Босоногое детство... Мое детство не было босоногим.
Выросли мы на улице, но босоногими не были. Быть босым запрещалось категорически по одной простой причине - всегда можно было напороться на битое стекло. К торцу соседнего дома чуть криво и навечно приклеилась стекляшка виноводочного магазинчика, где отоваривались все окрестные пьянчуги, а распивали они эту драгоценную влагу в нашем дворе, используя вместо столиков металлические шкафы для газовых баллонов. Там же, в порыве раскаяния или просто не удержав, и били бутылки...
Разуться можно было только в подъезде во время игры в пятнашки, чтобы пробежав совсем рядом с водящим, зажимая руками рот от рвущегося смеха, почти задевая его и обдавая волной своего тепла, тихонечко забиться в угол. Или, раскрутив его и разлетевшись в стороны, водить за нос, создавая шум в одном месте и прячась в другом. И, затаившись, с громко стучащем от азарта сердцем ждать, как он идет навстречу с завязанными глазами и растопыренными руками...
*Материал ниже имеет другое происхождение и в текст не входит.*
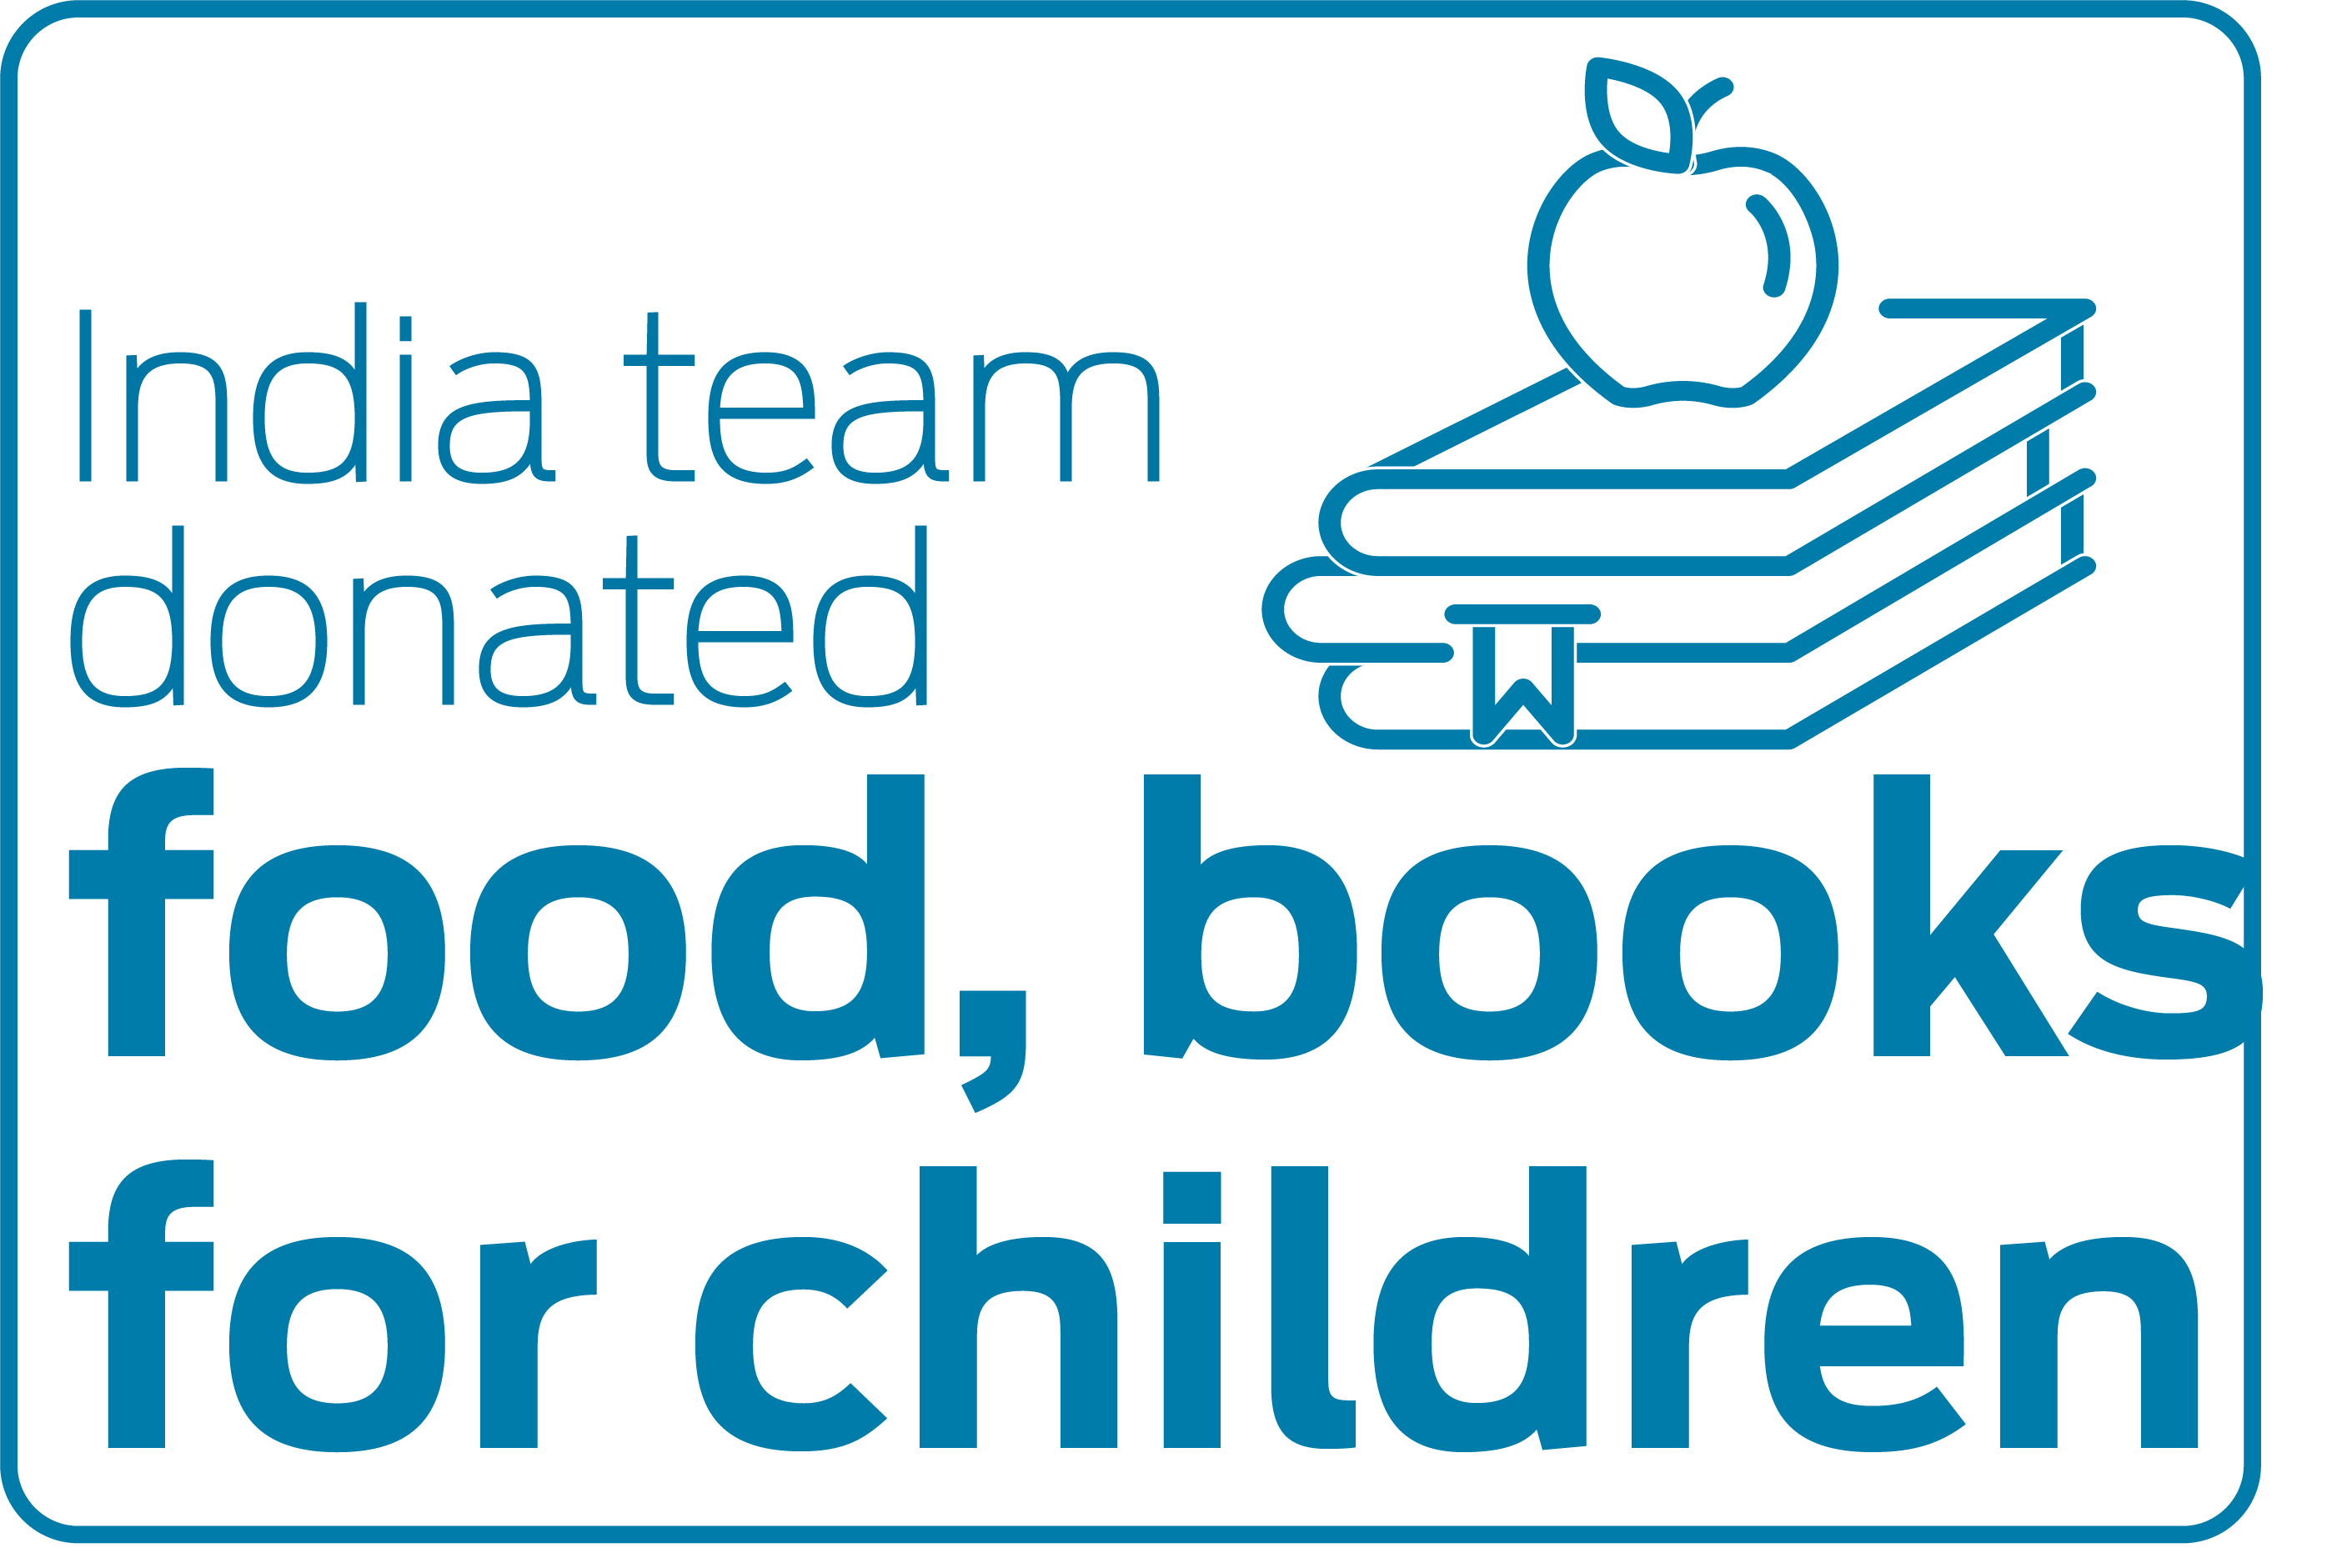 India team donated food, books for children
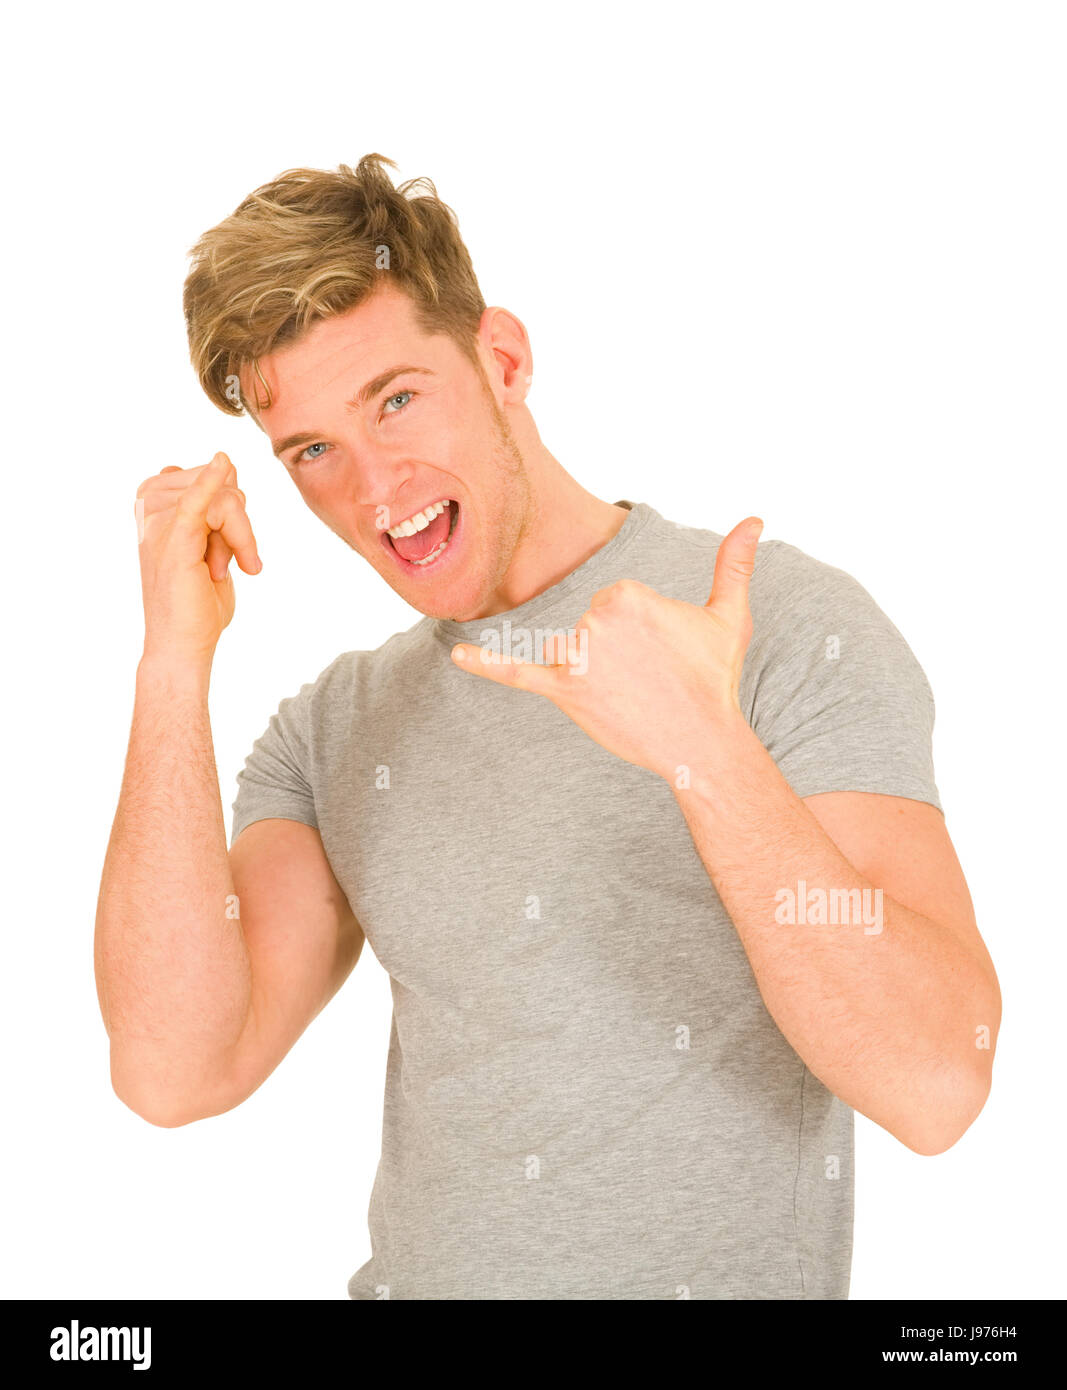 gesture, laugh, laughs, laughing, twit, giggle, smile, smiling, laughter, Stock Photo

Подъезд был огромный, на двух ступеньках площадки перед квартирами все спотыкались, но это только добавляло в наши немудренные развлечения шума и смеха. Из нашей компашки четверо жили в этом подъезде, что, как нам казалось, давало право и на место и на присутствие. В дождливую погоду нам и деваться-то больше было некуда. Мы собирались в подъезде, шалили, плотно рассаживались на ступеньках и рассказывали друг другу страшные истории про черную-черную руку, скатывались с широких перил. Я - с некоторой опаской, боясь быть застуканной папой, который страшно не любил мои проделки, за что раз и поплатилась. Мы собирались в гости. Нарядно одетая и оттого неловкая, я лихо катилась по перилам вниз. Увидя выходящих из дома родителей, я попыталась остановиться, рванула вверх, сползла вниз и располосовала новые штанцы о выступающую железку сверху донизу. Штаны спасти не удалось, но собственная репутация, когда, увернувшись от папиных рук я юркнула в глубь квартиры, не пострадала.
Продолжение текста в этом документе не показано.